O Protagonista: Lucio é um idiota às vezes. Traiu a mulher descaradamente, não passa tanto tempo com os filhos quanto deveria e toma algumas decisões egoístas. Entretanto, é um homem apaixonado por seu time de polo aquático, por sua família e por seus amigos. É possível ver a lenta transformação do protagonista em uma pessoa bem diferente, e adorei como foi sutil.

Os Personagens SecundáriosMeu personagem predileto acabou sendo um bem imprevisível: o sogro. Oscar, sogro de Lucio, é um homem magnífico que aos poucos demonstra seu afeto pela família e uma vontade de viver que daria inveja nos jovens. Paola também era magnífica, uma mulher de caráter, e os filhos de Lucio, Eva e Lorenzo, são definitivamente crianças especiais, ainda mais vistos pelos olhos do pai.

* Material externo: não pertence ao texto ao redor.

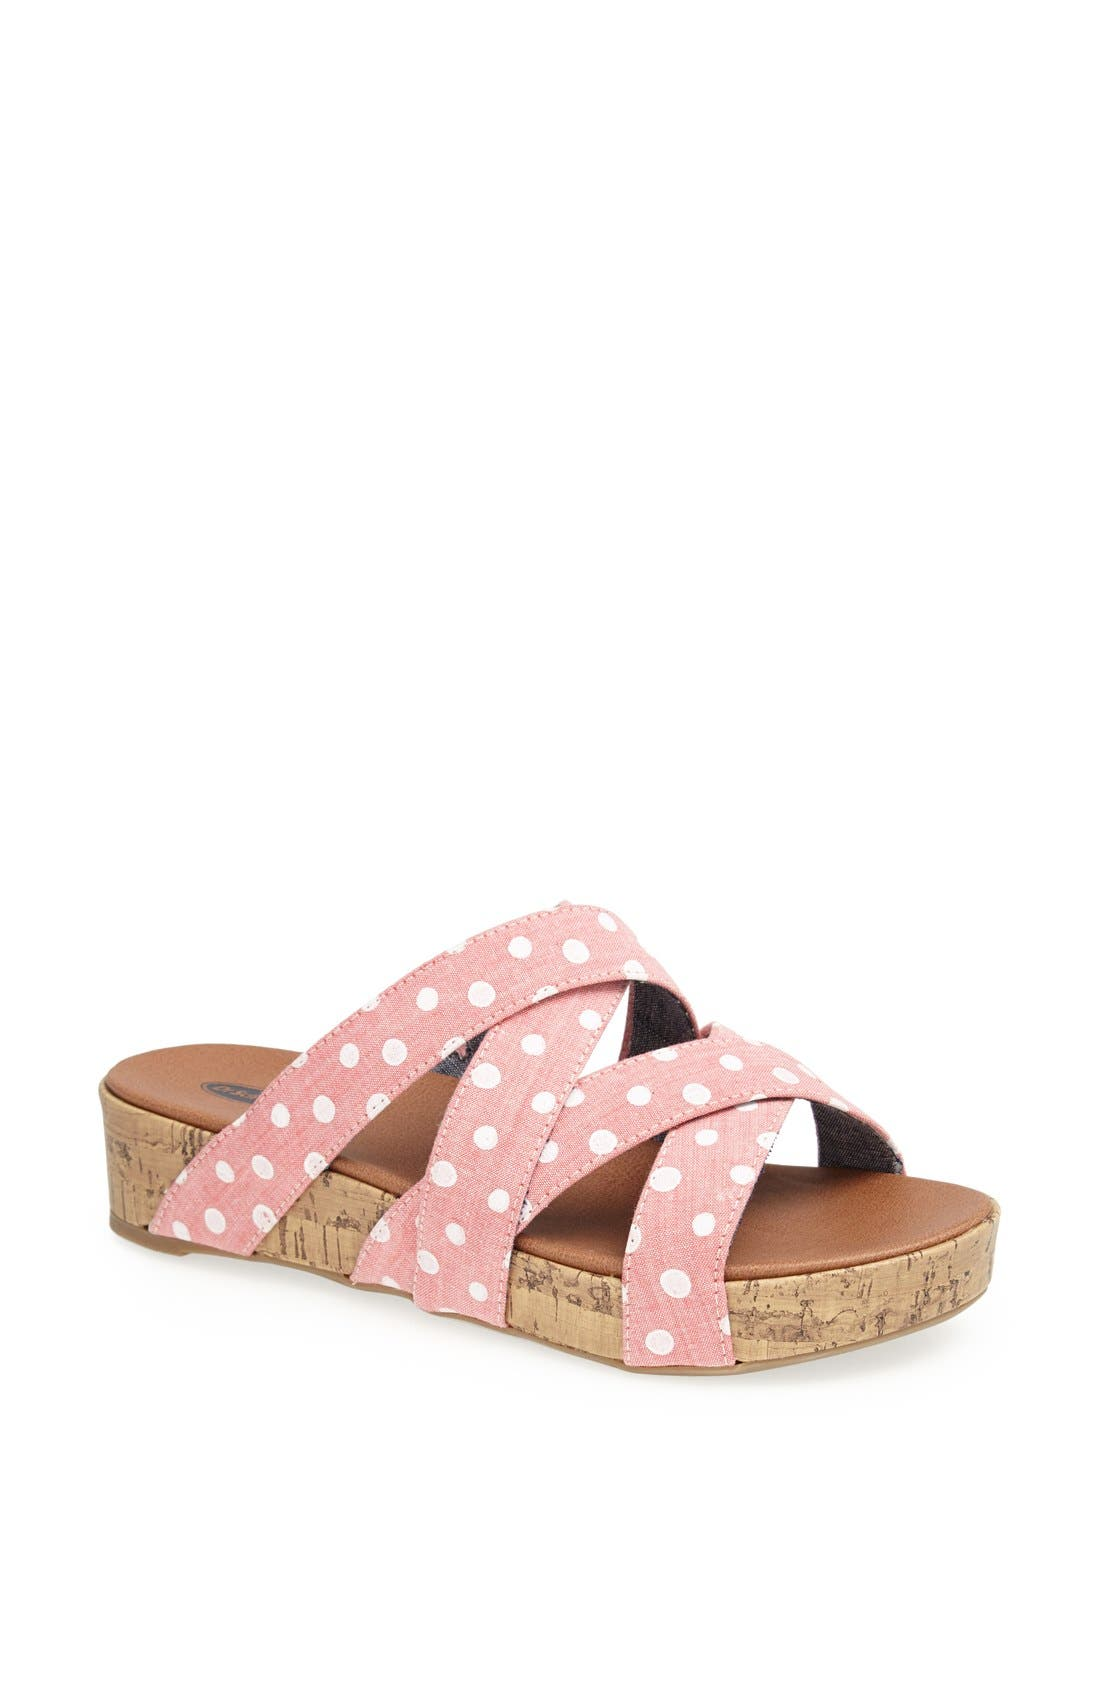 Main Image - Dr. Scholl's 'Freshen' Sandal
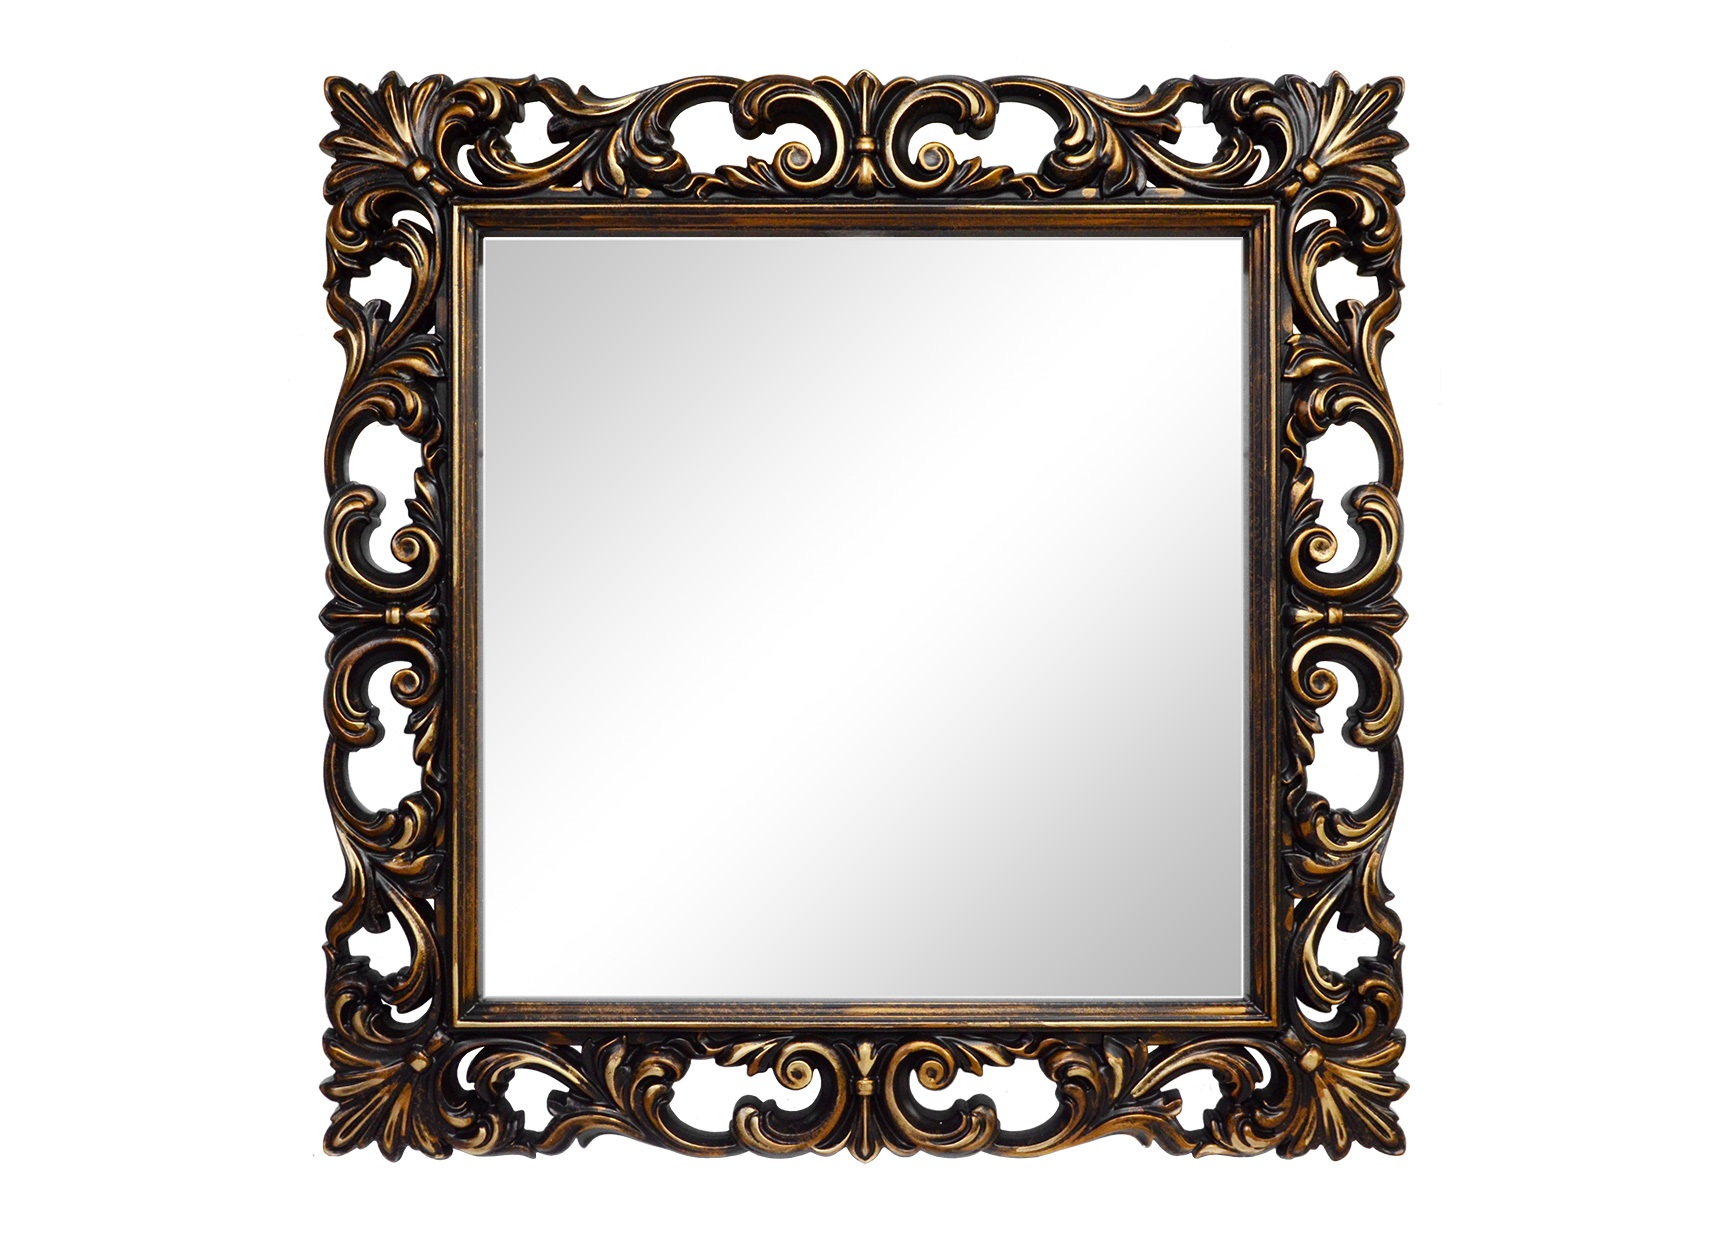 Зеркало НованоНастенные зеркала<br><br><br>Material: Стекло<br>Length см: None<br>Width см: 90<br>Depth см: 4<br>Height см: 90

Capa, Diagramação e Escrita: Apesar de simples, essa capa combina perfeitamente com a trama, a rosquinha assassina e tudo. A diagramação está ótima, com capítulos bem curtos falando sobre cada dia de Lucio, mas encontrei alguns errinhos de revisão.
A escrita de Fausto é algo que eu não esperava. No início achei estranho um narrador que conversa com o leitor, porém é como se ele realmente estivesse contando sua história, o que adorei. Além disso, suspeito que Fausto tenha feito uma pesquisa profunda, pois o livro pareceu realmente ter sido escrito por alguém que passou por aquela situação. A única parte que não gostei tanto foi a mania do protagonista de relatar quem foi o inventor de todas as coisas imagináveis que surgiam na trama, o que ficou um pouco repetitivo.

Concluindo:  Leiam. Sei que não é um livro para todos, por ser um pouco reflexivo e nem sempre alegre, porém é lindo demais, daqueles livros que acrescentam alguma coisa na vida do leitor. Não é perfeito, porém continua sendo brilhante.

Quotes:
Era um domingo inútil e tropical, não aconteceu nada de muito relevante. Isso sem contar o fato de que, às 13h27, eu respirei fundo e morri.

Havia anos que não sonhava com meus pais. Eles me fazem muita falta. E os odeio profundamente. Eu antecipei a você que falaria deles só quando estivesse a fim. Hoje estou a fim. Assim você também vai odiá-los depois.


Amo as peças da escola, mas nunca tive a sorte de viver uma como ator principal. Como disse a você, eu era gorducho e meu papel natural era o amigo simpático do protagonista. Uma vez eu sofri a humilhação máxima num espetáculo de Natal: me fizeram ser o boi.